Although the preprocessor won't do what you want, the
compiler itself can give some help. You could use Martin
Dickopp's trick
http://groups.google.com/group/comp.lang.c/msg/22b053811e98f490
to derive values from the __DATE__ string and a similar
string you supply, and then you could use the two values
in a relational expression in a context that causes a
compile-time error if they're not in the correct relation,
such as declaring an array whose dimension is invalid if
__DATE__ is too late.
However, I'd suggest you seek other avenues. A long time
ago I, too, longed for such a construct -- I had just tracked
down and fixed a performance problem caused by a "temporary"
hack that had remained in the code through two major product
versions and into the development phase of a third. I thought
that if the compiler could have alerted us that the code needed
attention, much grief would have been avoided. After pondering
for a considerable time, though, I came to the conclusion that
the compiler's job is to translate the code it's given, not to
act as a software engineering methodology enforcer. There are
other tools to handle the latter function, and they're capable
of things that are completely outside the compiler's purview.
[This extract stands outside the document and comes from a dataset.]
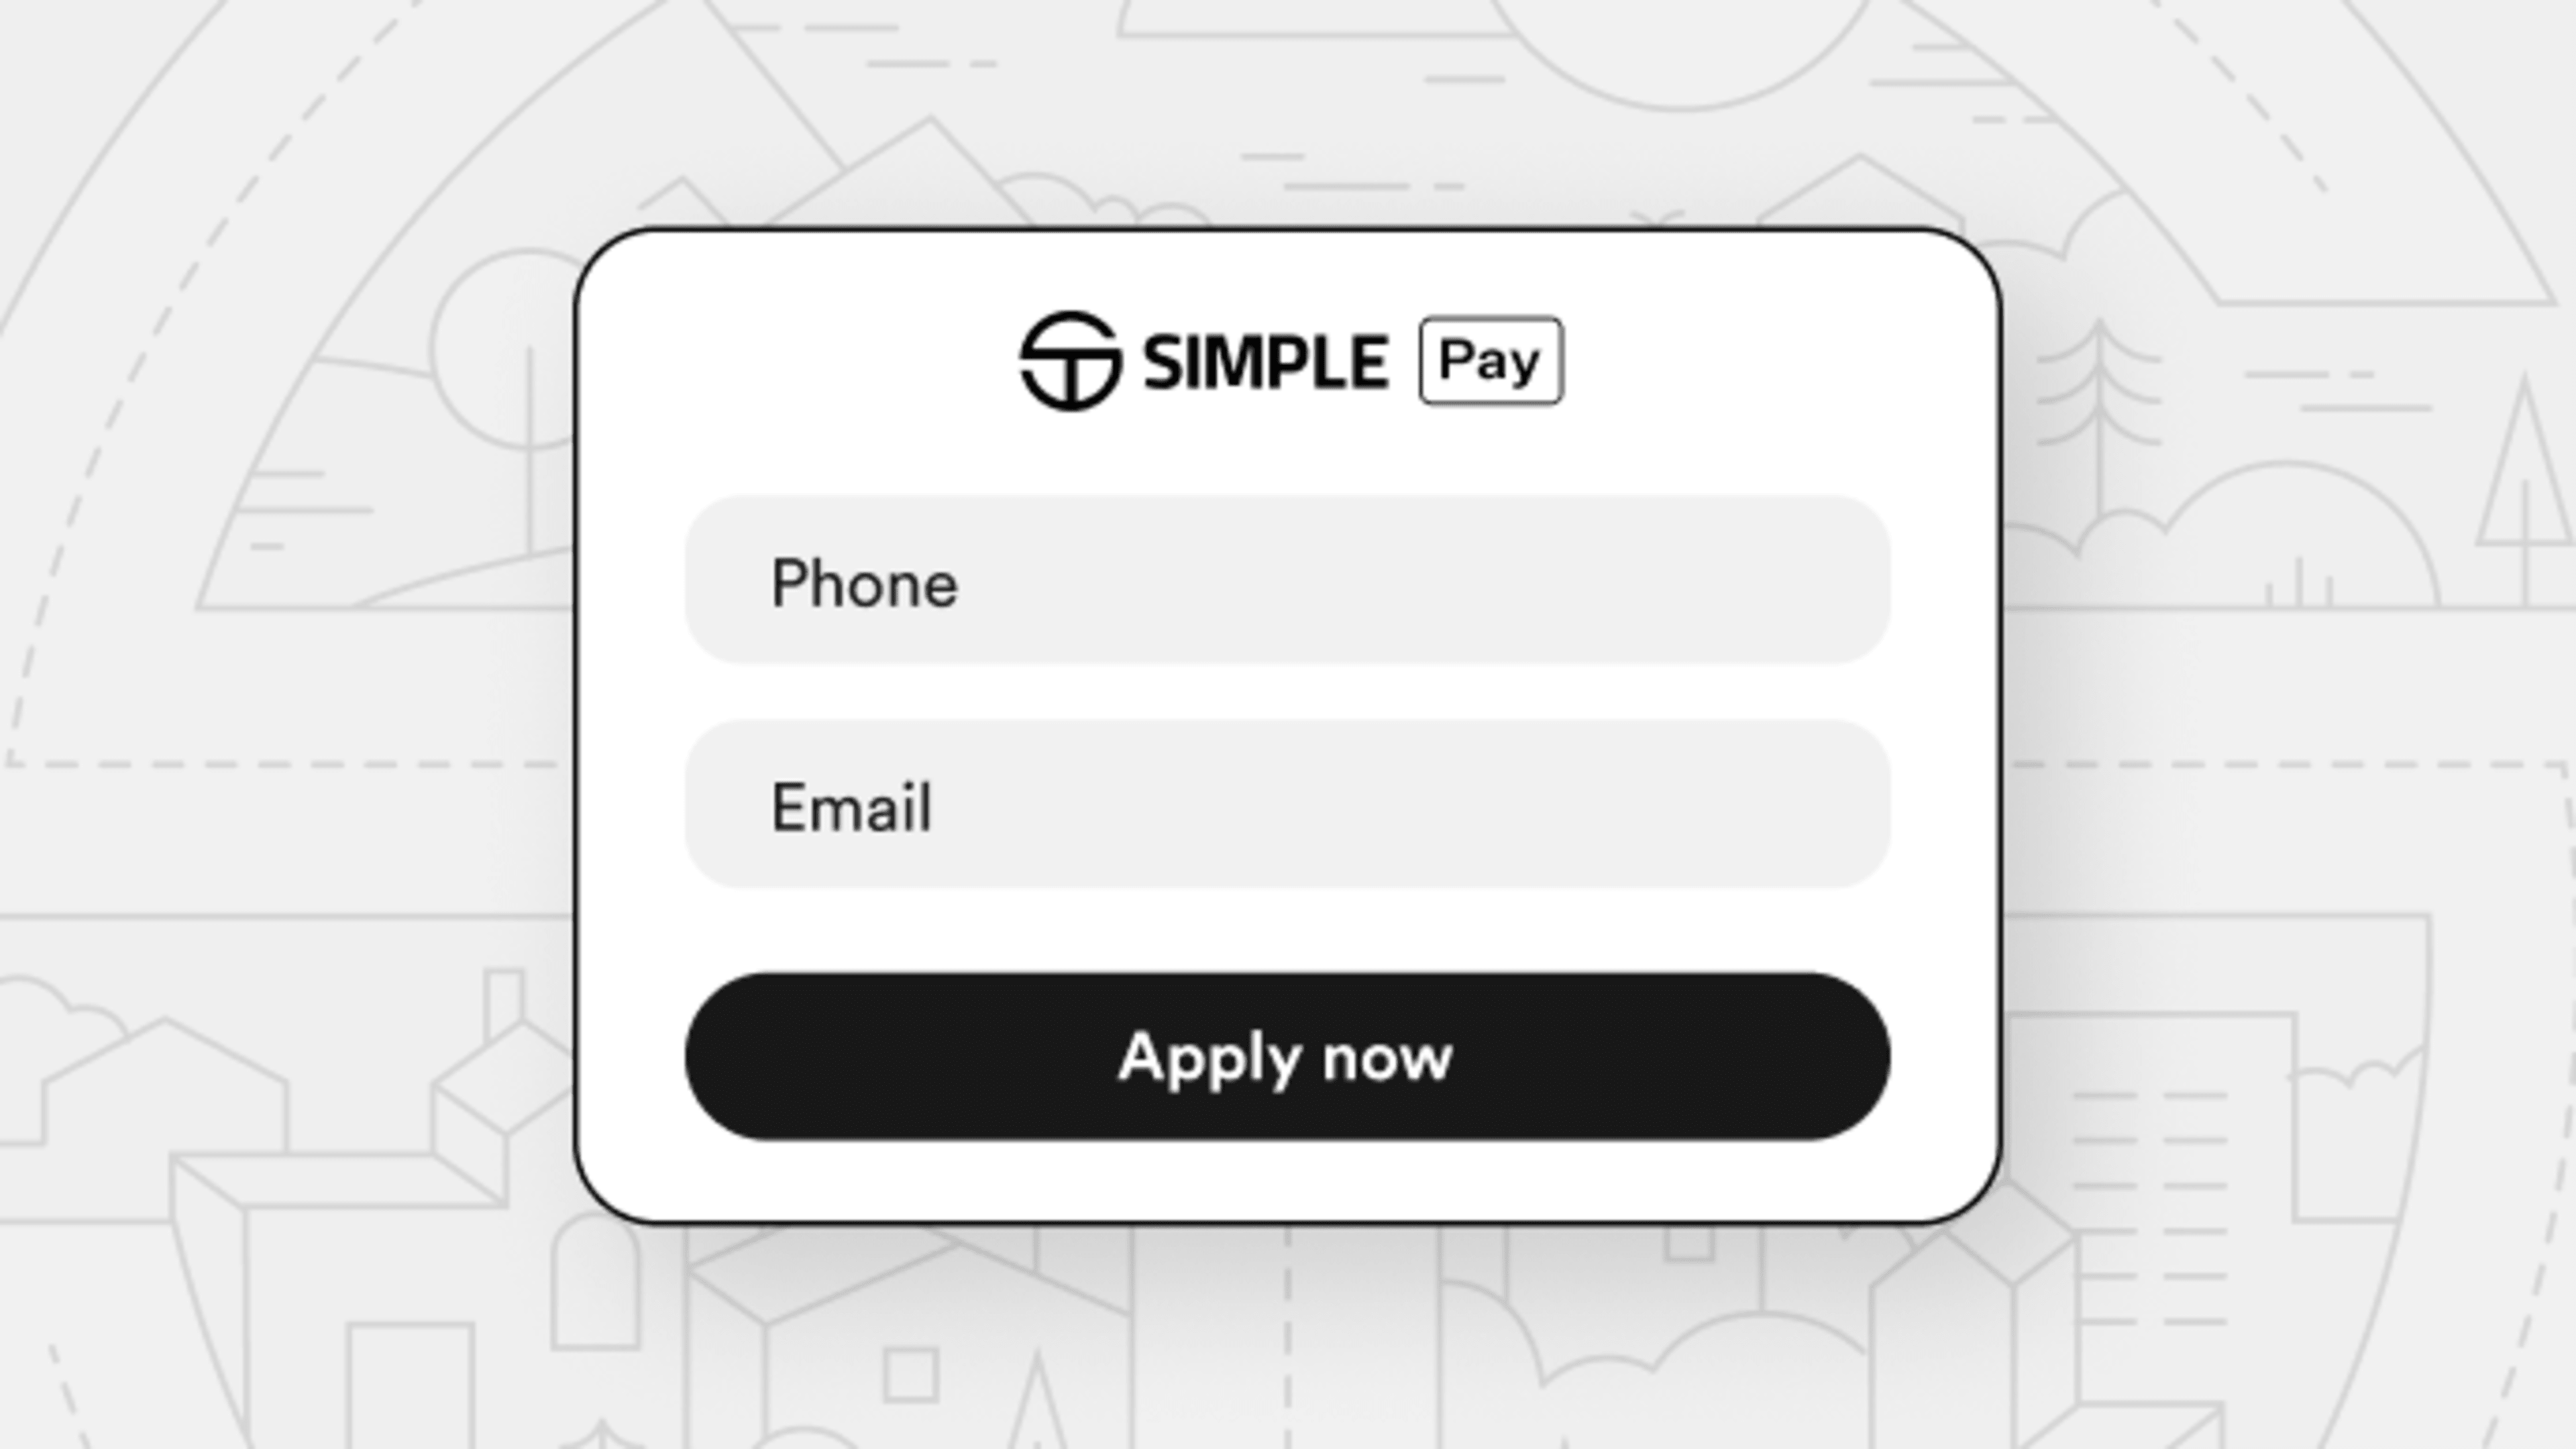 SimplePay login form

Also, __DATE__ is rather inflexible. You'll put in some
sort of hack and then estimate how long it'll be before you
simply must come back and do a better job, but schedules for
software development are notoriously elastic: your estimate of
the deadline is not going to be reliable. Yes, you can always
respond to the compiler's complaint by postponing the drop-dead
date, but that's just make-work -- and since Murphy never sleeps,
you can be sure the drop-dead will happen on the very night of
the Giant Rebuild before the Big Demonstration ...
If you must insert time bombs in the compilation, I'd suggest
you base them on things like product version numbers, "build for
release" flags, and the like: they are sensitive to the status
of the development rather than to the passage of time. I once
needed to hack around an error in the vendor-supplied printf()
by substituting my own version, so I had something like
#include <stdio.h>
#ifdef PLATFORM_X
#ifdef DEBUG_BUILD
/* Beta versions of printf() et al. print
* floating-point values at one-quarter
* actual magnitude. Use our own substitutes
* until Vendor X fixes this.
*/
#undef printf
#undef fprintf
#undef sprintf
#define printf fake_printf
#define fprintf fake_fprintf
#define sprintf fake_sprintf
#else
#error "Do we still need this hack?"
#endif
#endif
(The reality, of course, was more elaborate.) IMHO this sort of
thing makes more sense than date comparisons -- but it's still no
substitute for self-discipline.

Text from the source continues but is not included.